Since cloud went to Zeebe 0.21.1, this happens every day:

{"context":"/server/endpoint/node_modules/@magikcraft/nestjs-zeebe/node_modules/zeebe-node/dist/zb/ZBWorker.js:122","id":"retrieve-spells_103","level":50,"message":"Stalled on gRPC error","pollMode":"Long Poll","taskType":"retrieve-spells","time":"2019 Oct-28 01:48:50AM","timestamp":"2019-10-28T01:48:50.672Z"}
{"context":"/server/endpoint/node_modules/@magikcraft/nestjs-zeebe/node_modules/zeebe-node/dist/lib/GRPCClient.js:71","id":"gRPC Channel","level":50,"message":"GRPC ERROR: 1 CANCELLED: Received http2 header with status: 502","pollMode":"Long Poll","taskType":"gRPC Channel","time":"2019 Oct-28 01:48:50AM","timestamp":"2019-10-28T01:48:50.672Z"}
{"context":"/server/endpoint/node_modules/@magikcraft/nestjs-zeebe/node_modules/zeebe-node/dist/lib/GRPCClient.js:242","id":"gRPC Channel","level":50,"message":"GRPC Channel State: READY","pollMode":"Long Poll","taskType":"gRPC Channel","time":"2019 Oct-28 01:48:50AM","timestamp":"2019-10-28T01:48:50.673Z"}
{"context":"/server/endpoint/node_modules/@magikcraft/nestjs-zeebe/node_modules/zeebe-node/dist/lib/GRPCClient.js:77","id":"gRPC Channel","level":30,"message":"gRPC Channel reconnected","pollMode":"Long Poll","taskType":"gRPC Channel","time":"2019 Oct-28 01:48:50AM","timestamp":"2019-10-28T01:48:50.673Z"}
{"context":"/server/endpoint/node_modules/@magikcraft/nestjs-zeebe/node_modules/zeebe-node/dist/lib/GRPCClient.js:258","id":"gRPC Channel","level":30,"message":"gRPC Channel State: READY","pollMode":"Long Poll","taskType":"gRPC Channel","time":"2019 Oct-28 01:48:50AM","timestamp":"2019-10-28T01:48:50.855Z"}
{"context":"/server/endpoint/node_modules/@magikcraft/nestjs-zeebe/node_modules/zeebe-node/dist/lib/GRPCClient.js:259","id":"gRPC Channel","level":30,"message":"gRPC Retry count: 2","pollMode":"Long Poll","taskType":"gRPC Channel","time":"2019 Oct-28 01:48:50AM","timestamp":"2019-10-28T01:48:50.855Z"}
{"context":"/server/endpoint/node_modules/@magikcraft/nestjs-zeebe/node_modules/zeebe-node/dist/lib/GRPCClient.js:262","id":"gRPC Channel","level":30,"message":"gRPC reconnected","pollMode":"Long Poll","taskType":"gRPC Channel","time":"2019 Oct-28 01:48:50AM","timestamp":"2019-10-28T01:48:50.855Z"}
{"context":"/server/endpoint/node_modules/@magikcraft/nestjs-zeebe/node_modules/zeebe-node/dist/lib/GRPCClient.js:77","id":"gRPC Channel","level":30,"message":"gRPC Channel reconnected","pollMode":"Long Poll","taskType":"gRPC Channel","time":"2019 Oct-28 01:48:50AM","timestamp":"2019-10-28T01:48:50.856Z"}

The client reports it is connected, but does not retrieve any jobs.

Could this be due to pod rescheduling?

@jwulf
Copy link
Member Author

jwulf commented Oct 29, 2019

Running the 0.21.3 branch with the heartbeat code.

Connected fine.

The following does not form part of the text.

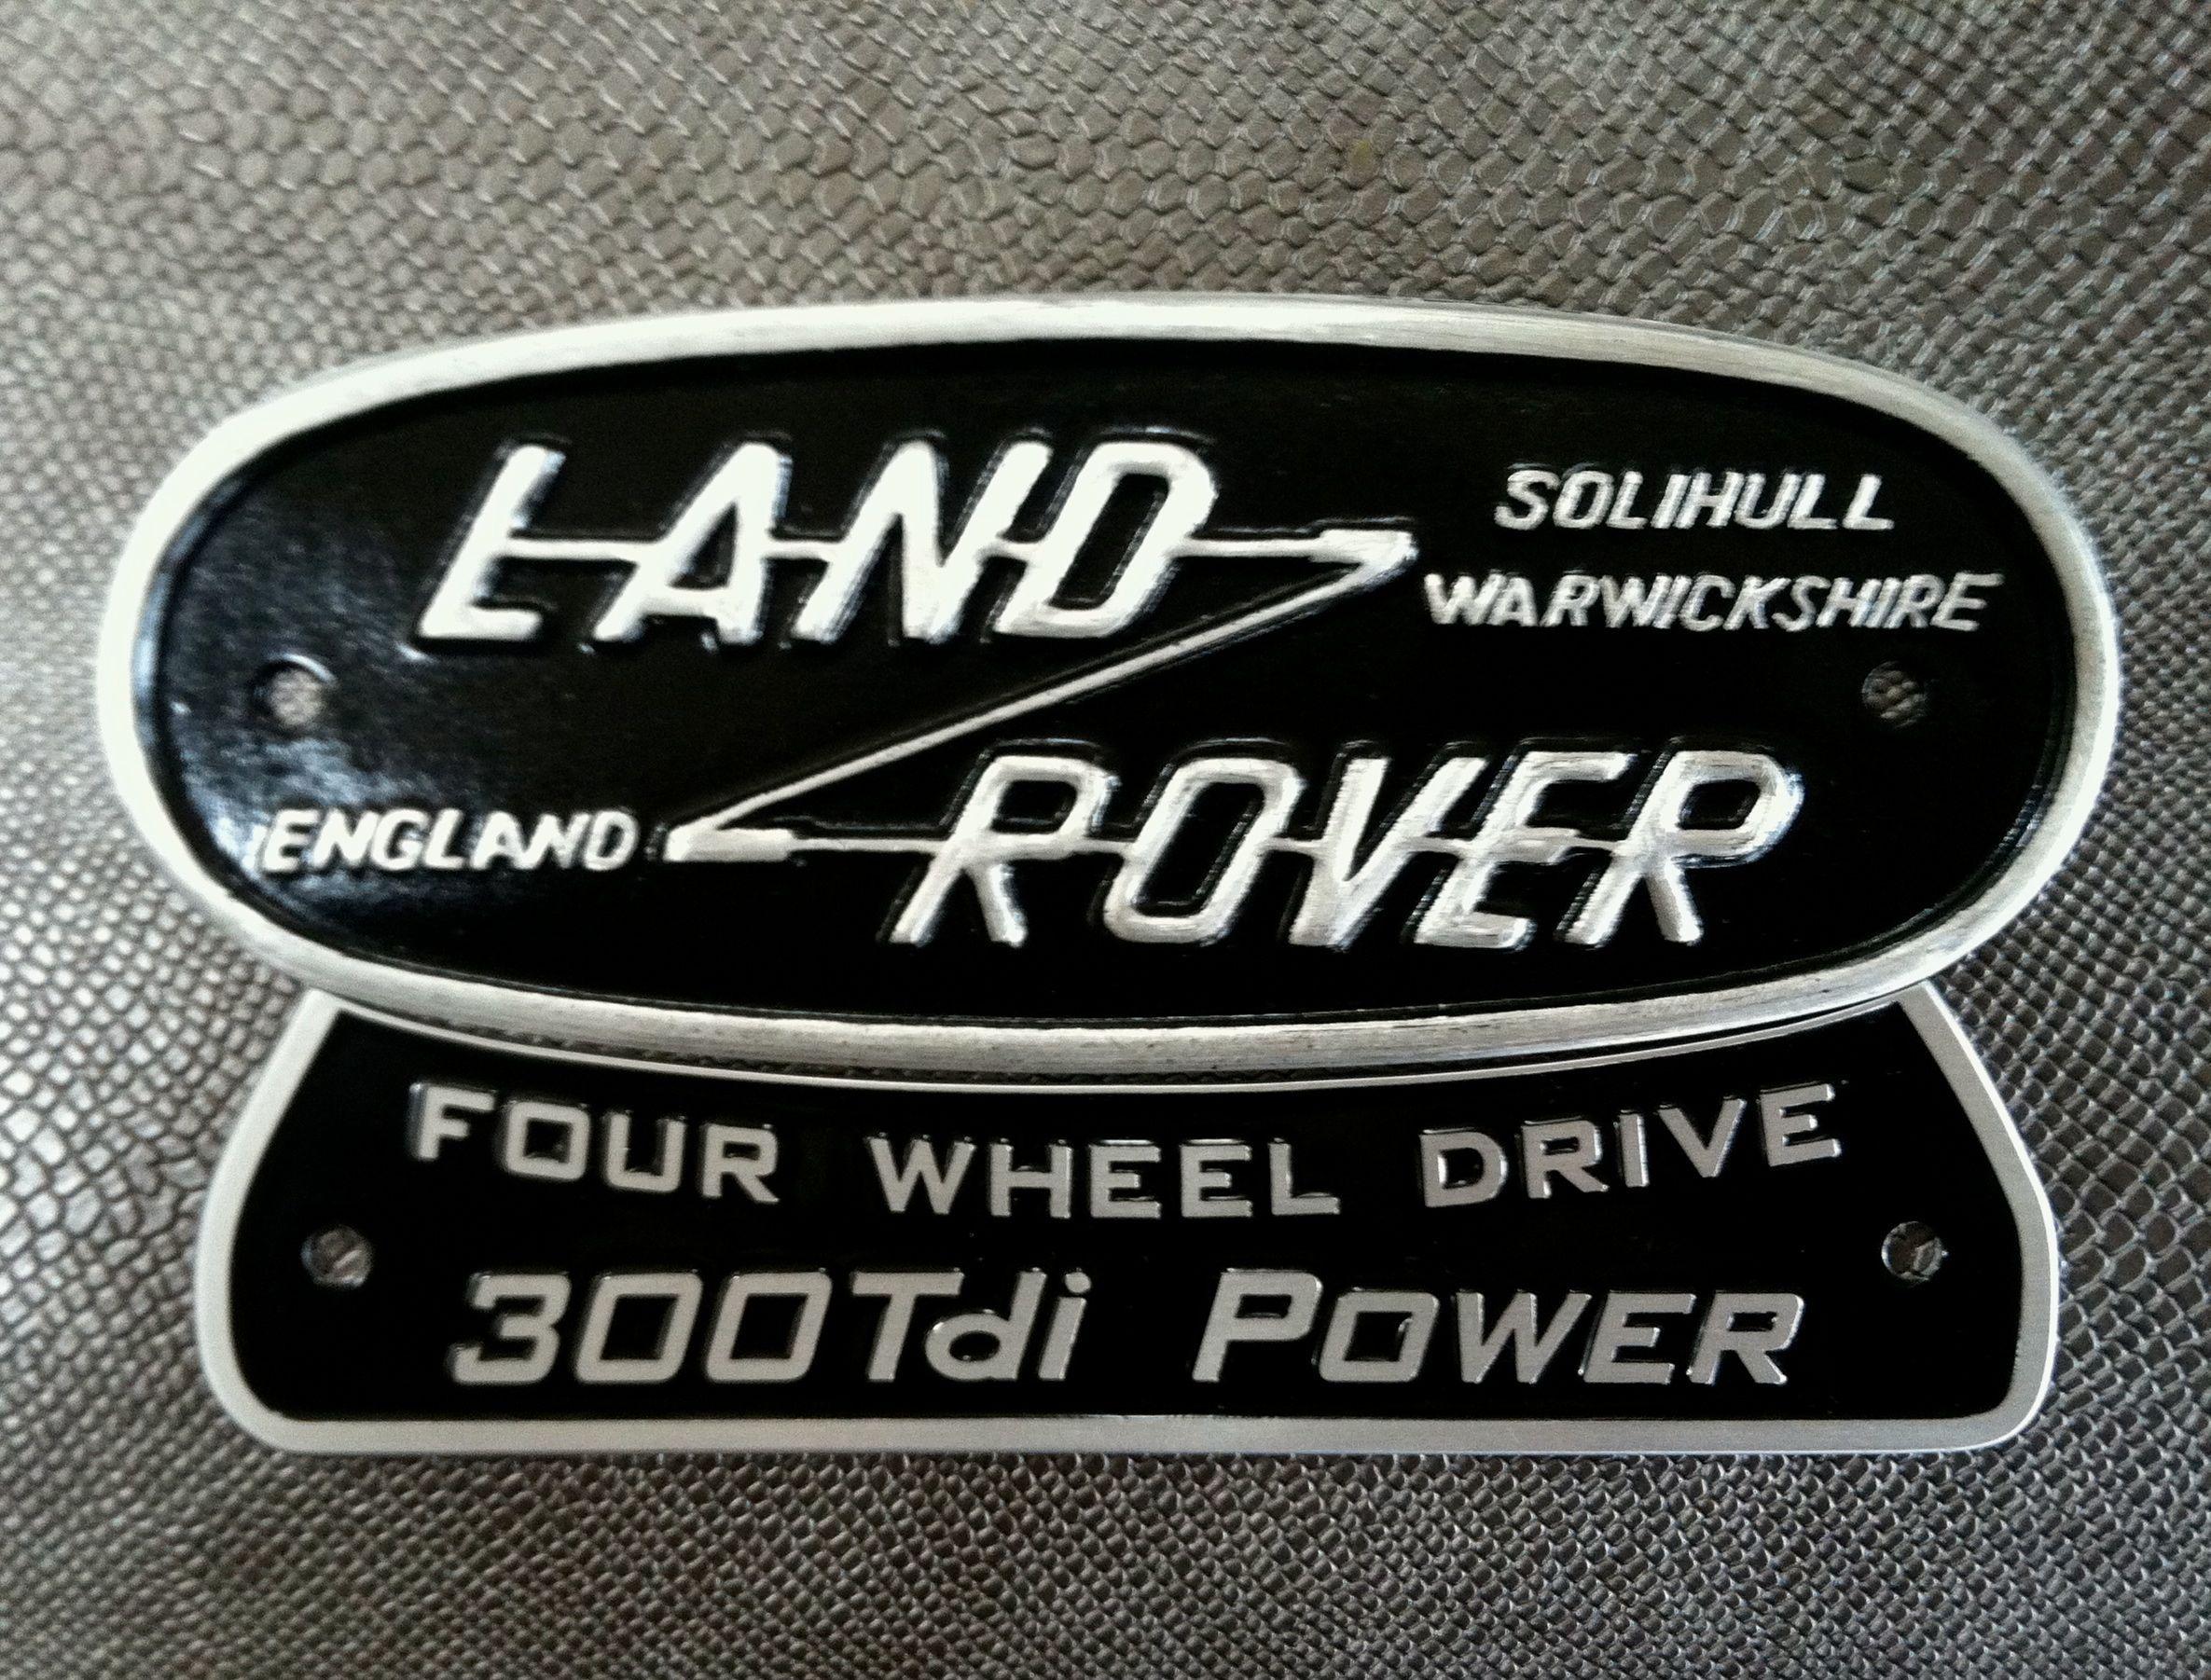 Vintage Land Rover rear badge found on ebay
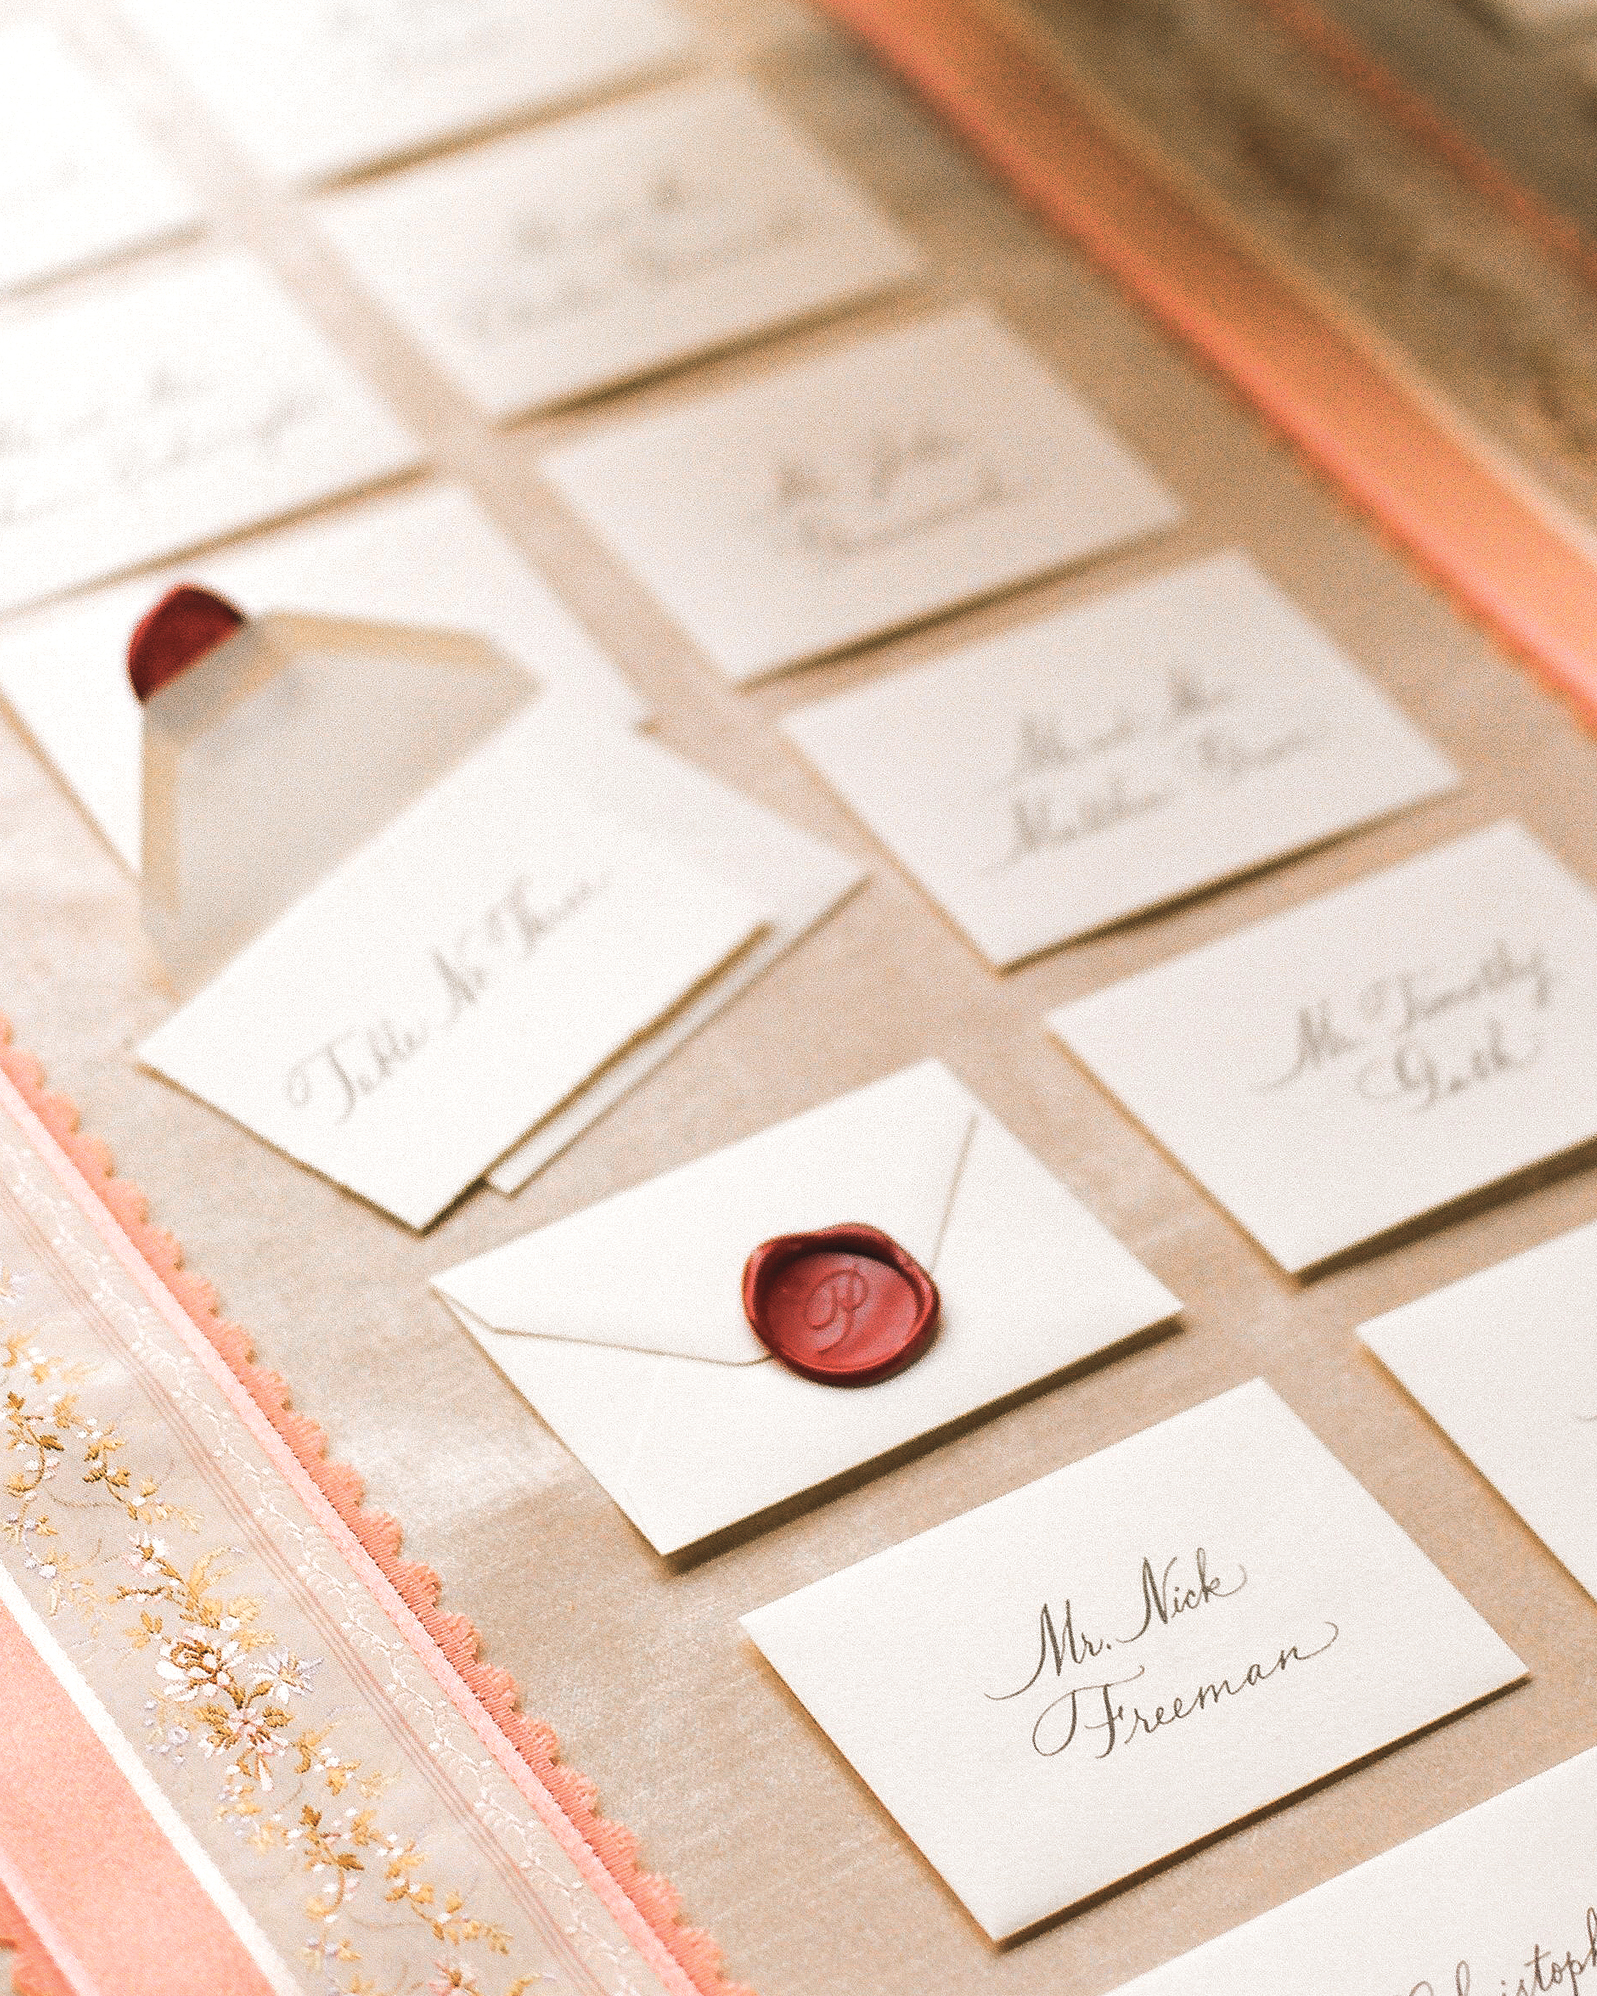 alix-bill-wedding-383-9086-15-2014-32-xl-d111617.jpg

Ran at DEBUG log level for several hours, then switched to INFO to surface errors.

Load on the broker is next to nothing. Workers polling at 30 second intervals. ~12 workers connected.

  • 09:49 UTC: The cluster rescheduled while I was watching the log stream. The client failed for a minute or so with a 503 response from the nginx proxy:
[2019 Oct-29 09:49:22AM] ERROR:
    context: "/server/node_modules/@magikcraft/nestjs-zeebe/node_modules/zeebe-node/dist/lib/GRPCClient.js:71"
    id: "gRPC Channel"
    message: "GRPC ERROR: 1 CANCELLED: Received http2 header with status: 503"
    pollMode: "Long Poll"
    taskType: "gRPC Channel"
[2019 Oct-29 09:49:22AM] ERROR:
    context: "/server/node_modules/@magikcraft/nestjs-zeebe/node_modules/zeebe-node/dist/lib/GRPCClient.js:242"
    id: "gRPC Channel"
    message: "GRPC Channel State: READY"
    pollMode: "Long Poll"
    taskType: "gRPC Channel"

When the cluster reschedule finished, the client came back up, and serviced tasks.

  • 10:06:34: GRPC ERROR: 14 UNAVAILABLE: GOAWAY received three times

  • 10:10:36: GRPC ERROR: 14 UNAVAILABLE: GOAWAY received once.

  • 10:29:15: Worker still working.

  • 10:43:43: GRPC ERROR: 14 UNAVAILABLE: GOAWAY received once.

  • 10:43:48: GRPC ERROR: 14 UNAVAILABLE: GOAWAY received once.

  • 10:52:53: Worker still working.

  • 11:06:32: GRPC ERROR: 14 UNAVAILABLE: GOAWAY received once.

  • 11:10:19: GRPC ERROR: 14 UNAVAILABLE: GOAWAY received once.

  • 11:10:33: GRPC ERROR: 14 UNAVAILABLE: GOAWAY received twice.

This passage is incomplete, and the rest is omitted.